July 21: a story in seven snapshots

While running round Kennington Park – seven laps today; don’t worry, it’s only a little park – I note the people sitting on the park benches. Today there was a couple on the stretch leading up to Oval station. As you run past, you see seven snapshots. At first, they didn’t seem to know each other very well. By lap two – six minutes later – they know each other better. They have turned their bodies towards each other. By lap three her leg is folded on the bench in contact with his leg. Anyway, to cut a long story short, by lap six she had her head on his shoulder and he was stroking her hair.

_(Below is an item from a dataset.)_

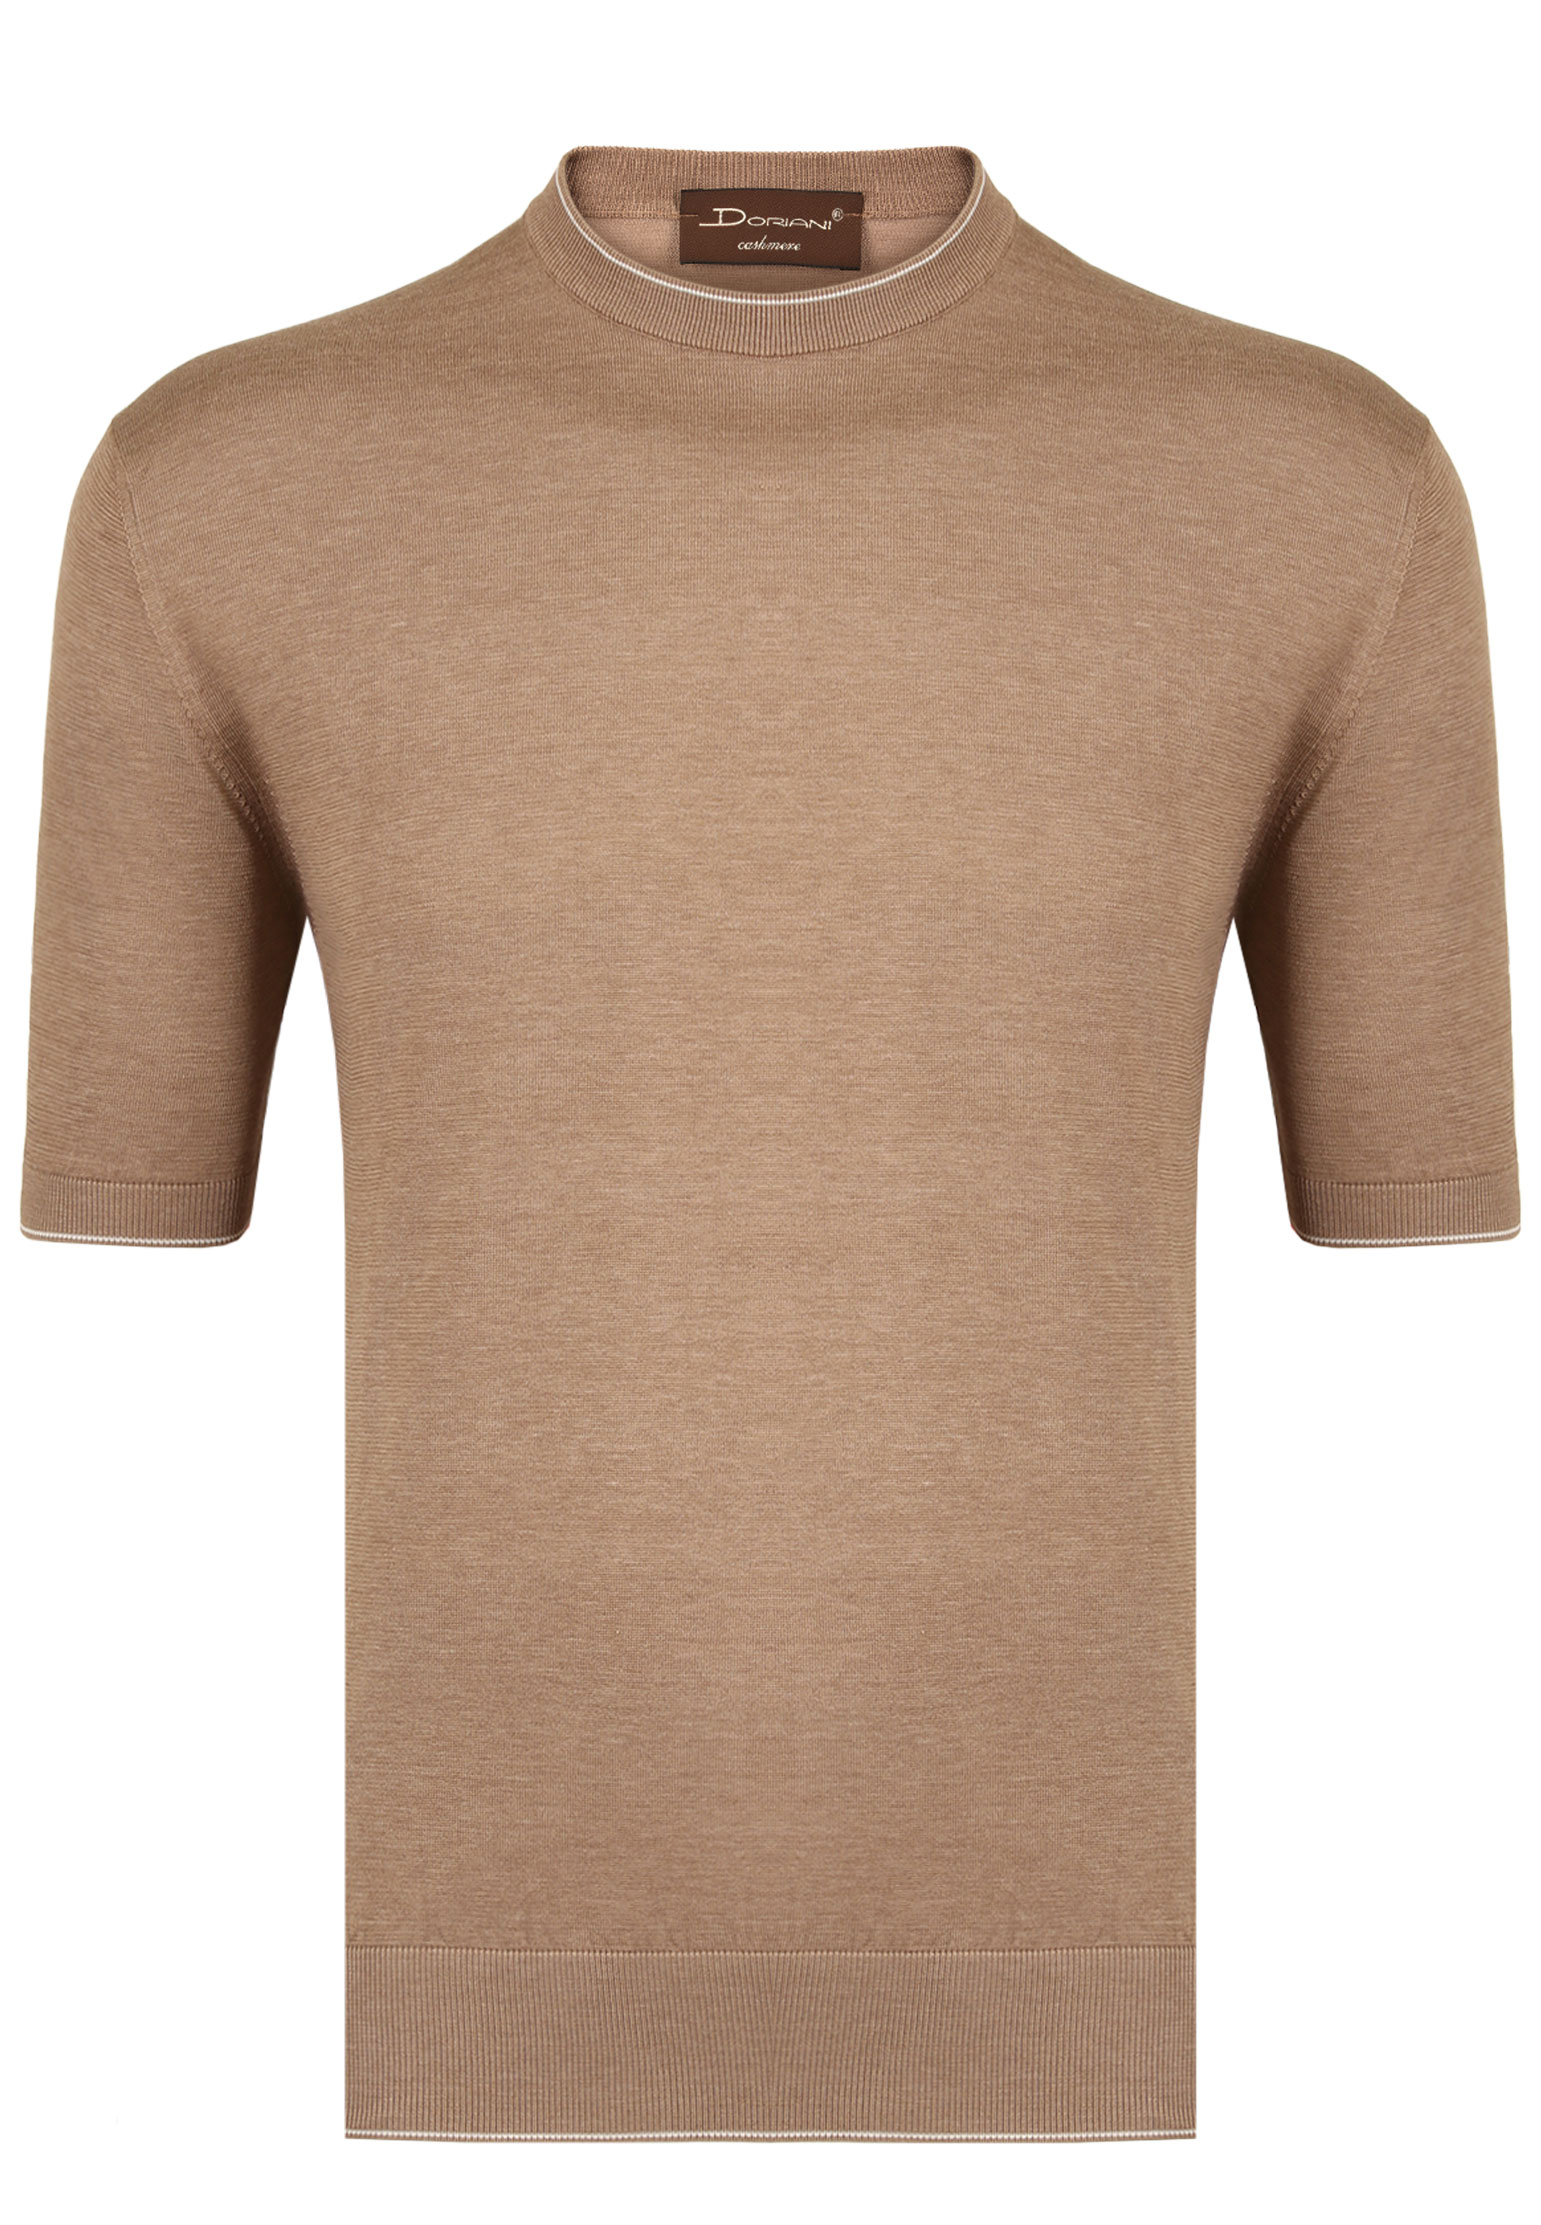 Пуловер DORIANI Бежевый, размер 48 178348 - фото 1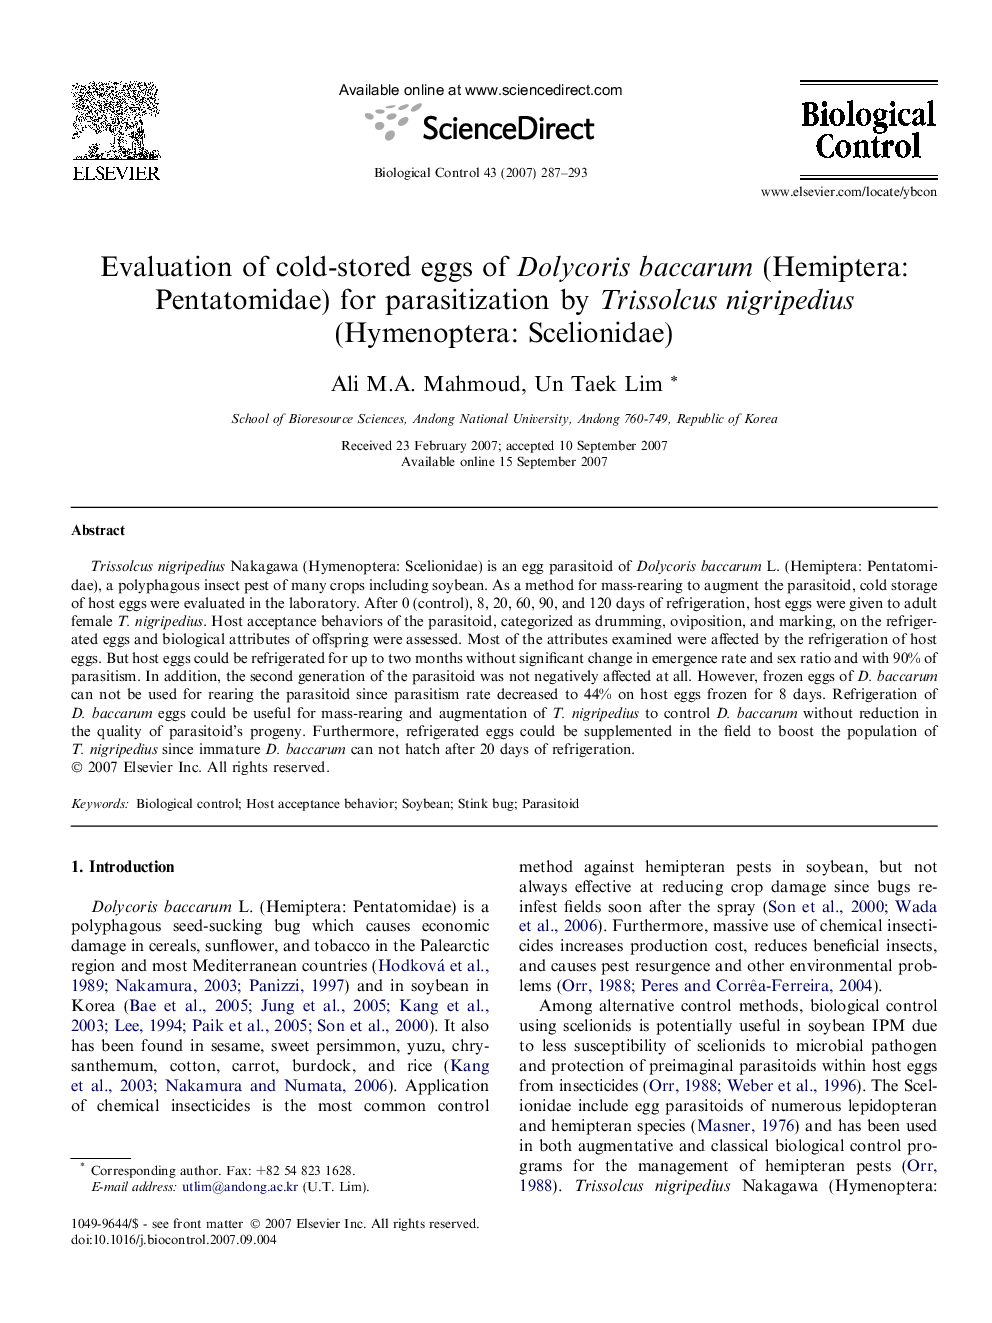 Evaluation of cold-stored eggs of Dolycoris baccarum (Hemiptera: Pentatomidae) for parasitization by Trissolcus nigripedius (Hymenoptera: Scelionidae)

Photo snapshots are actually a better representation of the way our mind works than continuous narrative flow. In life we perceive something, register it, interpret it, chew it over. While doing all this we have frozen the image. It is like a portrait painter. He notices something, then looks away, to his paint or his canvas, and then paints it up. It is, in fact, more complicated than that, for the painter takes a long time to transmit the impression to canvas, a number of examinations of the model, so that what he is painting is an aggregate of perceived images. In other words, something that was never there. Reality is untrackable. And so for the couple on the bench. Maybe my seven-split version of their story is closer to reality than their own more detailed versions. And by the way, in the seventh snapshot they were separate again; she was smoking a cigarette looking out into the park and he was fiddling with his mobile.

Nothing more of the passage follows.